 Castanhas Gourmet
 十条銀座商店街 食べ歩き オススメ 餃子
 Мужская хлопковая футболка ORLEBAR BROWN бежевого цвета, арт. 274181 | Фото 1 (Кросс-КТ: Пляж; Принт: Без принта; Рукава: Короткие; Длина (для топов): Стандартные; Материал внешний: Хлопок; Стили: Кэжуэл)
┄┄┄┄┄┄┄┄┄┄
**WHAT YOU SHOULD DO:**
Would you please set down the lines from the one with "十条銀座商店街 食べ歩き オススメ 餃子" to the end of the data above, exactly and without any other lines?

**FINAL ANSWER:**
 十条銀座商店街 食べ歩き オススメ 餃子
 Мужская хлопковая футболка ORLEBAR BROWN бежевого цвета, арт. 274181 | Фото 1 (Кросс-КТ: Пляж; Принт: Без принта; Рукава: Короткие; Длина (для топов): Стандартные; Материал внешний: Хлопок; Стили: Кэжуэл)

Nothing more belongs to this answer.